[Entries taken from a collection]
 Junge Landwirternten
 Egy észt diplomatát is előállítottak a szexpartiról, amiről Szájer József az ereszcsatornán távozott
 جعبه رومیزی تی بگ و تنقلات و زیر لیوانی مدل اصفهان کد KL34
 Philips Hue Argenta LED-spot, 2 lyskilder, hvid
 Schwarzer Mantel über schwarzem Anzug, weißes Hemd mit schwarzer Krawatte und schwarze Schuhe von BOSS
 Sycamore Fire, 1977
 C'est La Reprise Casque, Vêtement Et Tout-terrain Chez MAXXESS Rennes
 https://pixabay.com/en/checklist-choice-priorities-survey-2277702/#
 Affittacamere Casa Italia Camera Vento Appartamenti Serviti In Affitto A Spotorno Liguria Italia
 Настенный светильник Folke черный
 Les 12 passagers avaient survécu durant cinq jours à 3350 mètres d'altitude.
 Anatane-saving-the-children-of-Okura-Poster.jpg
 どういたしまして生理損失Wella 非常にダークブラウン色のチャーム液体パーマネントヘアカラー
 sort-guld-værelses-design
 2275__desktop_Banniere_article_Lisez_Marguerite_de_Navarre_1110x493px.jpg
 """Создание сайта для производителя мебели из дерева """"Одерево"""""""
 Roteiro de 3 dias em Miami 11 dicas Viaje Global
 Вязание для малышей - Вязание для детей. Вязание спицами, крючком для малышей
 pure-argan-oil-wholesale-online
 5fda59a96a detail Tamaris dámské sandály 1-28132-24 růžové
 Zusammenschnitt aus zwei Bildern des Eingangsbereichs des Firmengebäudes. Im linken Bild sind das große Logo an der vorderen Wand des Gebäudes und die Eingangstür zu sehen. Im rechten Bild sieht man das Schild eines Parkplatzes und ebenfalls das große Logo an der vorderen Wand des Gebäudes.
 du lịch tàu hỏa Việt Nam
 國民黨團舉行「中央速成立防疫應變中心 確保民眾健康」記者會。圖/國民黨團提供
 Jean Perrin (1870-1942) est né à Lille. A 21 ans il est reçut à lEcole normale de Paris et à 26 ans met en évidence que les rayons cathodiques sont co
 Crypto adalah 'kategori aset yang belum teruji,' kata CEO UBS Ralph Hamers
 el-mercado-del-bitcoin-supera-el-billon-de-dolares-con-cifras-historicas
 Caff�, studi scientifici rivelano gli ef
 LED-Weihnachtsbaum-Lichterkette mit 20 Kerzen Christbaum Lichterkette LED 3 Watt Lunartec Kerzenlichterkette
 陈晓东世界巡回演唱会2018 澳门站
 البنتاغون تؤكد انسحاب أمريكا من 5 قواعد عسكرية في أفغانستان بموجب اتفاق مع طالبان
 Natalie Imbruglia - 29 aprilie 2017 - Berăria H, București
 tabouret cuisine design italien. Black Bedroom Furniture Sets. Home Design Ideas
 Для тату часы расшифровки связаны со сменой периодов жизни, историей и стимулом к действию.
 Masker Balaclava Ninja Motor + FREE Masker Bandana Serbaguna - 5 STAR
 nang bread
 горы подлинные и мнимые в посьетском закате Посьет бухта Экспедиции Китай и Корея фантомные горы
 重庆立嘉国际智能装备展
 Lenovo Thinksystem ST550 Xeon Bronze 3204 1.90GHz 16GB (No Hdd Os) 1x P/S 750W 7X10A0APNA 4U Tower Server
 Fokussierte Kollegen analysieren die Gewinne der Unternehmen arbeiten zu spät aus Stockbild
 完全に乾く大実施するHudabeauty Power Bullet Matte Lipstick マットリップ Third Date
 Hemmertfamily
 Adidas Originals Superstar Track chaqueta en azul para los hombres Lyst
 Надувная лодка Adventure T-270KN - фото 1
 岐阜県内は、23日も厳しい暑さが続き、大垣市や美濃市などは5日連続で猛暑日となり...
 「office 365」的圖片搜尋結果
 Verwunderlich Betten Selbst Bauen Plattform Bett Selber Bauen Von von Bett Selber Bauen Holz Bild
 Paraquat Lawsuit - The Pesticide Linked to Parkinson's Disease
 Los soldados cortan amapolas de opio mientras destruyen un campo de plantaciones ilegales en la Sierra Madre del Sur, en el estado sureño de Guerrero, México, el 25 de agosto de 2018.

- PROMPT -
Look through the entries above and say how many lines contain "design", giving nothing but the number.

- TASK OUTPUT -
2